Tem um ar magrote,
esquálido, como quem se alimenta mal. A calça rota nas duas pernas e junto
aos joelhos apresenta um ar cansado como objecto que já correu muito nesta
vida. As suas mãos, com dedos compridos, são calejadas, mais que certo robustecidas
pelas arestas de muitos tijolos que lhe tocaram em beijos de ganha-pão, parecem de
operário pendurado num ilusório cabido e à espera de uma oportunidade. Senhoras
e senhores, apresento-vos o “inginheiro”
Paulo Dias. Aviso já que não tem canudo passado por qual faculdade, mas tem uma
formação obrigatória para vender castanhas na Praça 8 de Maio. Façam o favor de
não rir porque o caso é sério e o “inginheiro”
pode sentir-se incomodado. Vou ligar o gravador e transcrever a história do “inginheiro” Paulo:
“Até há quatro anos trabalhei na construção civil. O trabalho começou a
rarear e passei a fazer parte do universo de desempregados. Recebi subsídio de
desemprego até há dois anos. A seguir foi-me atribuído o rendimento mínimo.
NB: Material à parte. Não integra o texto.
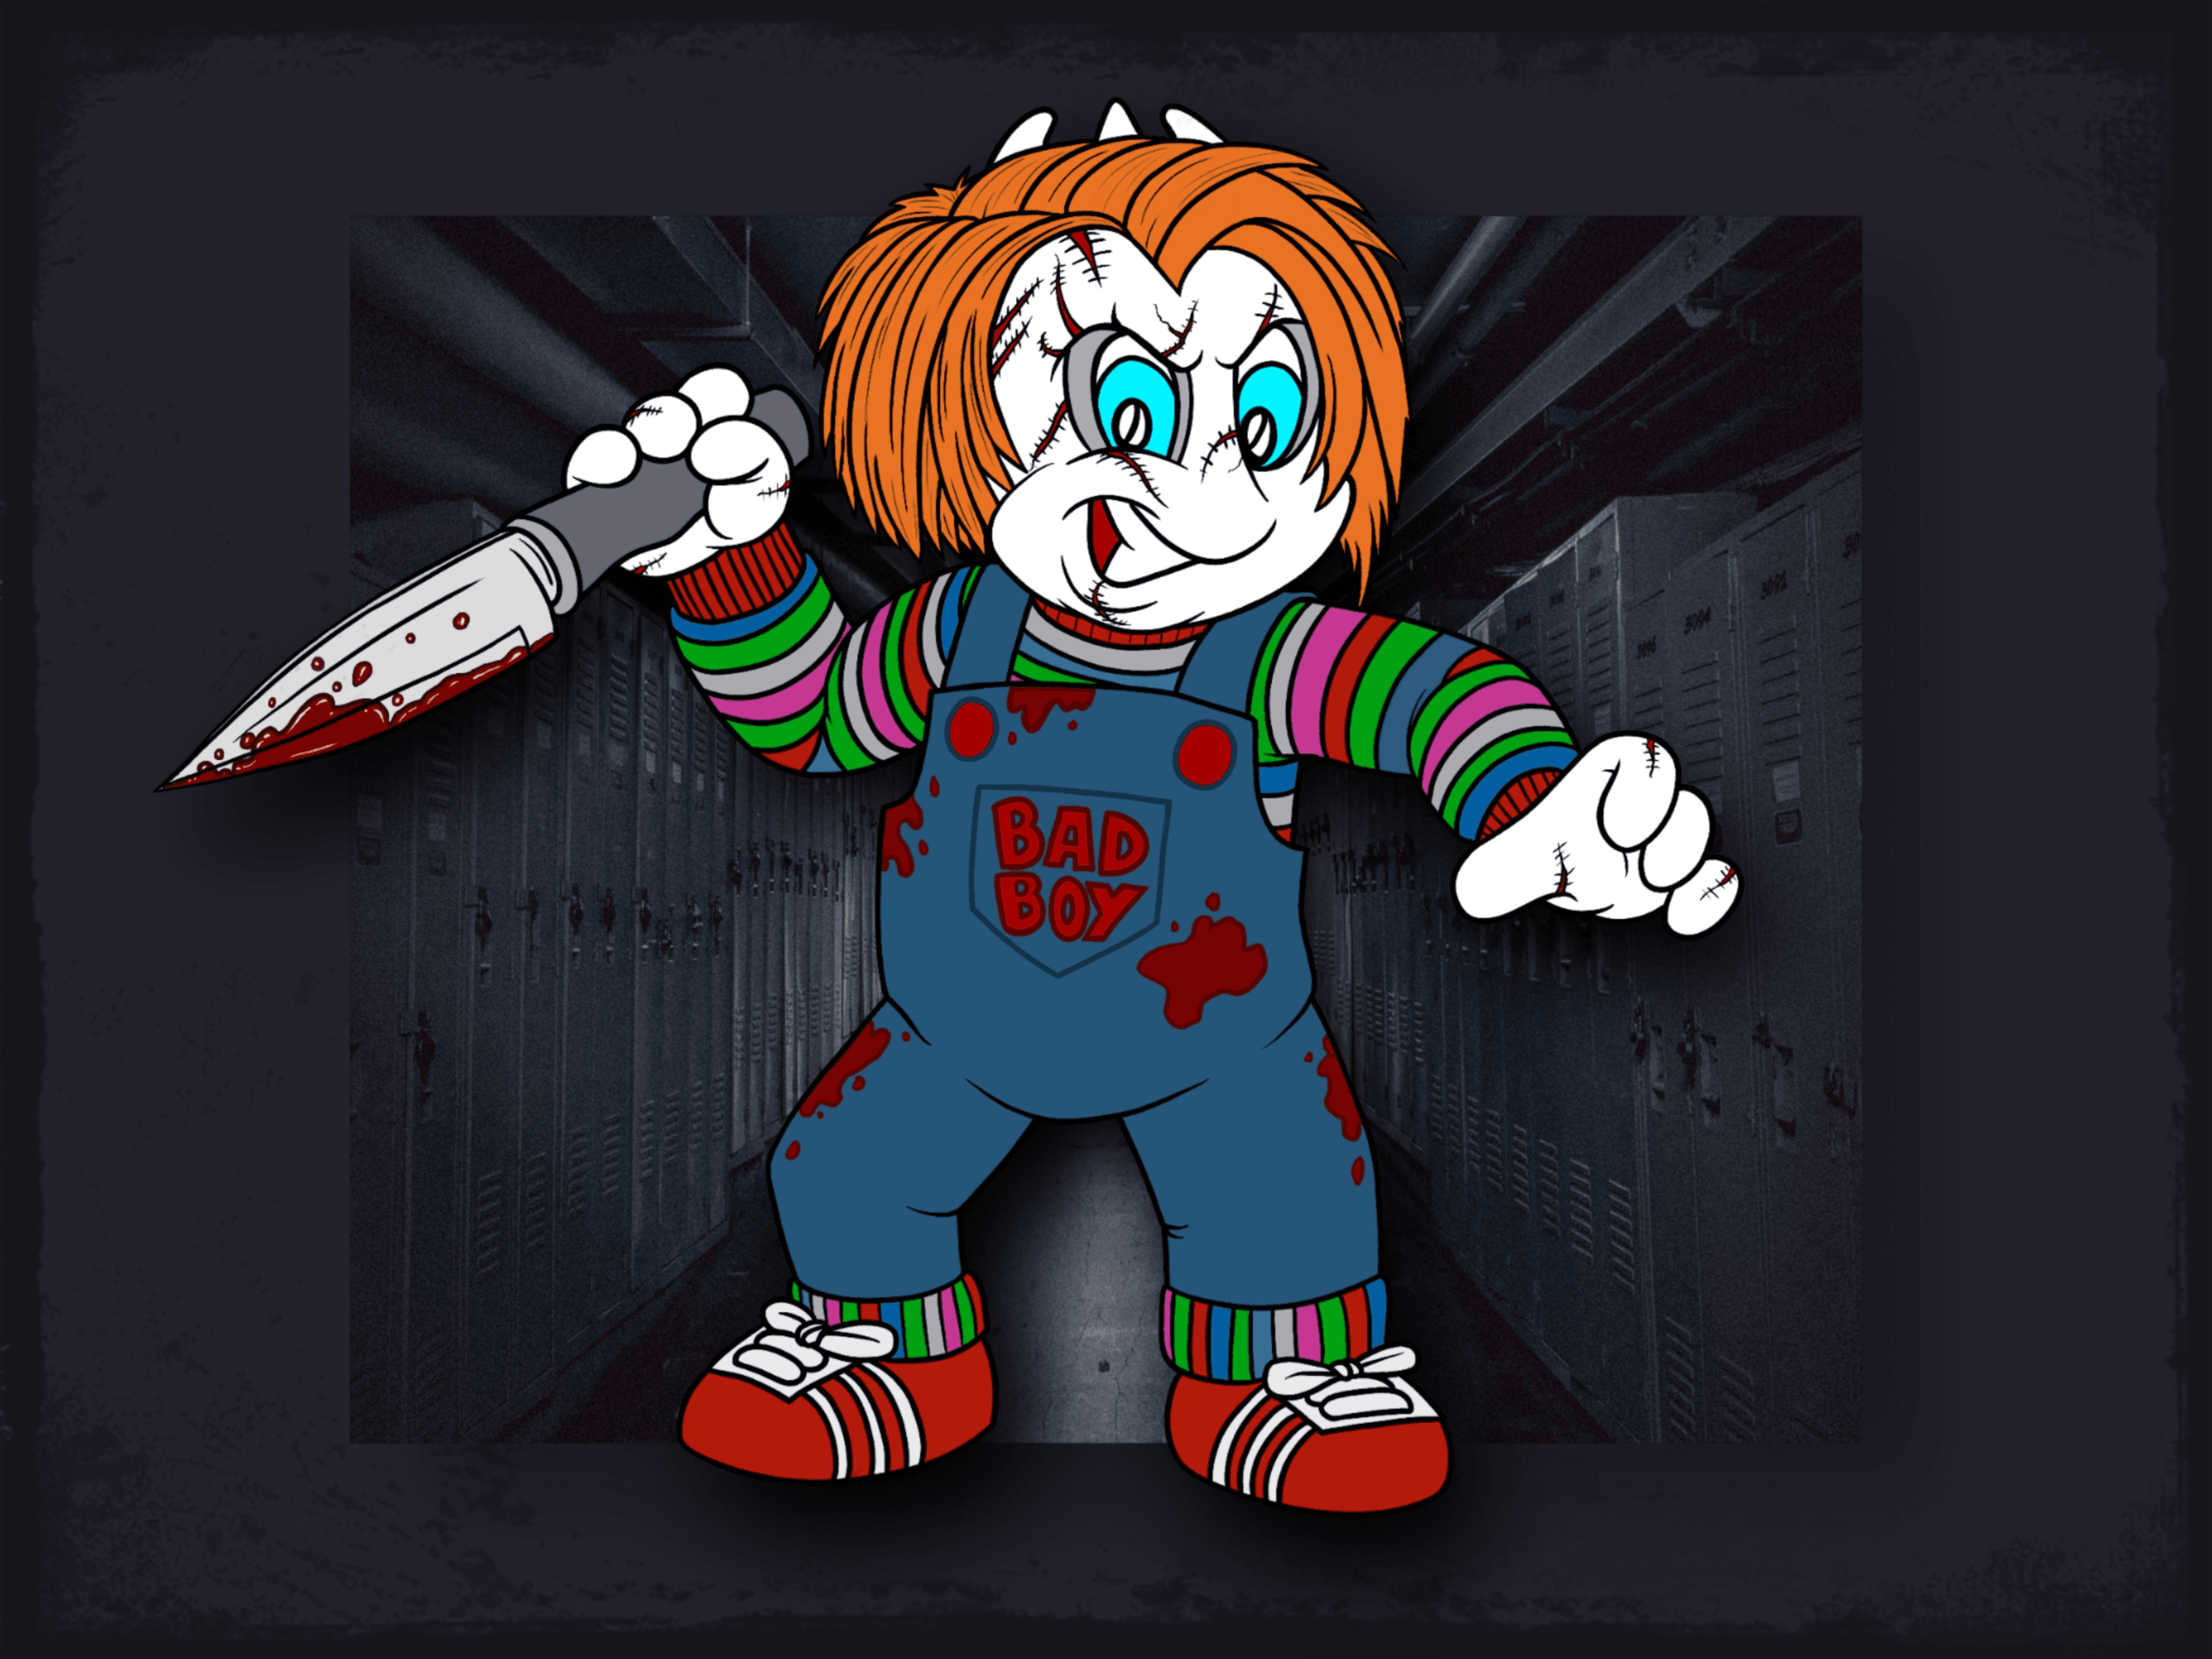 Here comes "Chucky Spork"!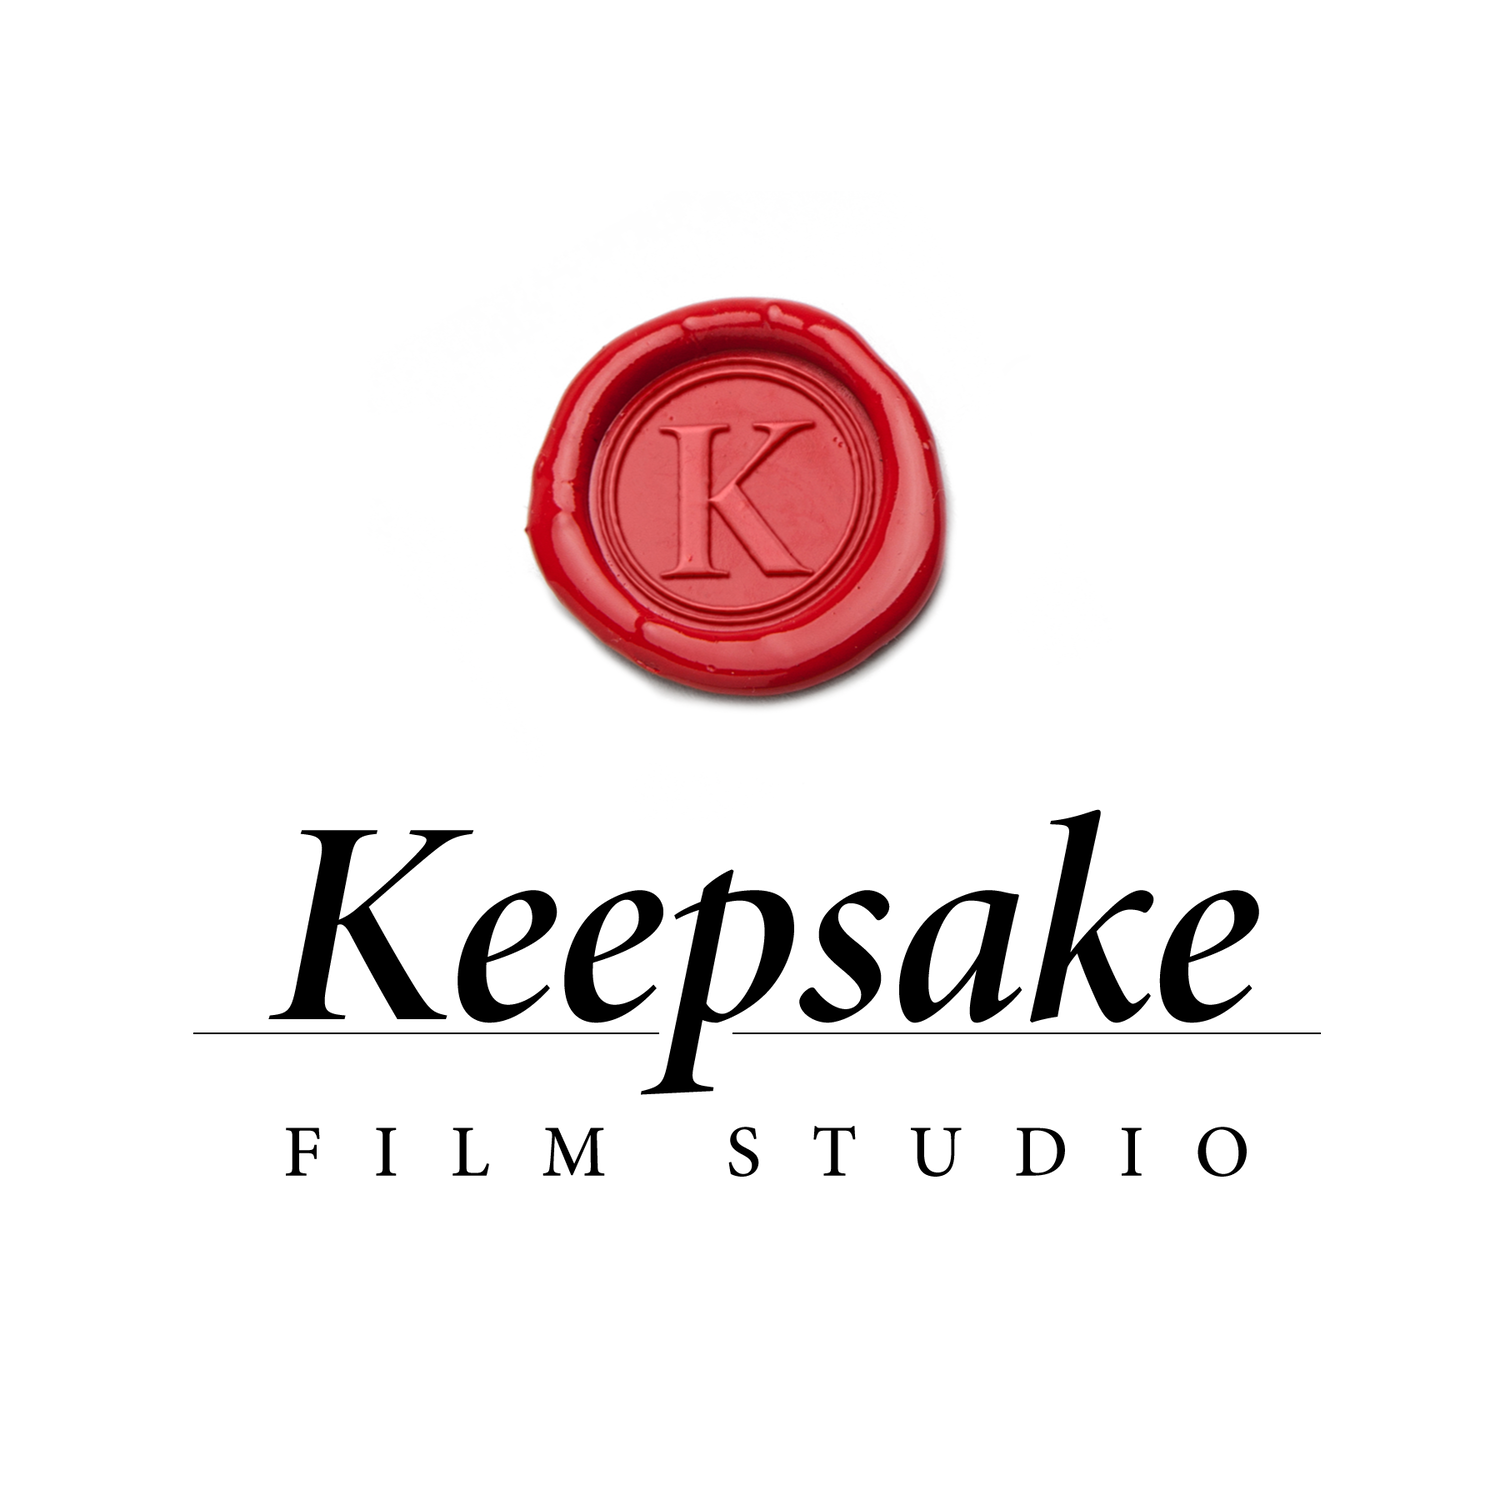 KEEPSAKE FILM STUDIO

Como não chegava para pagar a renda de casa, que é de 200,00 euros, tive de fazer
pequenos biscates para ver se me aguentava com a minha companheira, a Sónia
Margarida –que você conhece bem desde criança. Em Maio do ano passado foi-me cortado o RSI,
Rendimento Social de Inserção, e a renda de casa começou a não acompanhar as
minhas necessidades. Fui às Finanças colectar-me para vender bolas de Berlim na
praia da Figueira da Foz. Fiz o mesmo para a minha Sónia, para poder vender
bolos de Ançã junto à Loja do Cidadão. Mas a renda da casa, por falta de pagamento,
teimava em crescer e a ameaçar o nosso bem-estar. Pedi uns dinheirinhos e
comprei um carrinho de assar castanhas por 400,00 euros. Fui novamente às Finanças
fazer um acrescento na colecta, agora como vendedor de castanhas. A seguir, fui
à Câmara Municipal para tratar da licença. Era preciso um termo de
responsabilidade e uma formação. Paguei 50,00 euros para o processo dar
entrada. Fui então tratar da formação profissional para ser “inginheiro” e
poder vender castanhas na Praça 8 de Maio. Encaminhei-me para a Palheira, uma
localidade nos arrabaldes da cidade, para um técnico da especialidade. A troco
de mais 25,00 euros para a formação e mais 50,00 euros pelo termo de
responsabilidade, e após umas escassas horas, passei a licenciado. Por ser
obrigatório, adquiri um extintor por 31,00 euros, que tenho de manter no carro.
Fui à autarquia e paguei mais 30,00 euros por ocupação de espaço público até
Abril e mais 6,50 euros por mês.
Ser “inginheiro” custa muito! Nunca tinha imaginado quanto! Sabe o que
lamento? É a falta de sensibilidade de tantas pessoas –incluindo pessoal da
fiscalização que, volta e meia, vão ter com a minha Sónia, junto à Loja do
Cidadão, e a fazem arrumar tudo por falta de licença de ocupação. Ninguém pensa
no esforço que faço para aguentar e estar aqui. Ninguém se preocupa se ganho o
suficiente para pagar as licenças. É um absurdo! Não consigo arranjar dinheiro
para tanta obrigação. Parece que querem obrigar-me a ir roubar. Repare, estou a
pagar o quilo de castanhas a 4,00 euros. Num saco de vinte quilos, muitas delas
vêm podres, vão à vida cerca de 15,00 euros. Diga-me? O que resta? Quase não dá
para comer uma sopa! Acho que a edilidade deveria ter outro tratamento para os
vendedores como eu, que sou pobre e mal tenho sítio para cair morto. É só mesmo
para nos comer dinheiro! É muito triste, sabe?”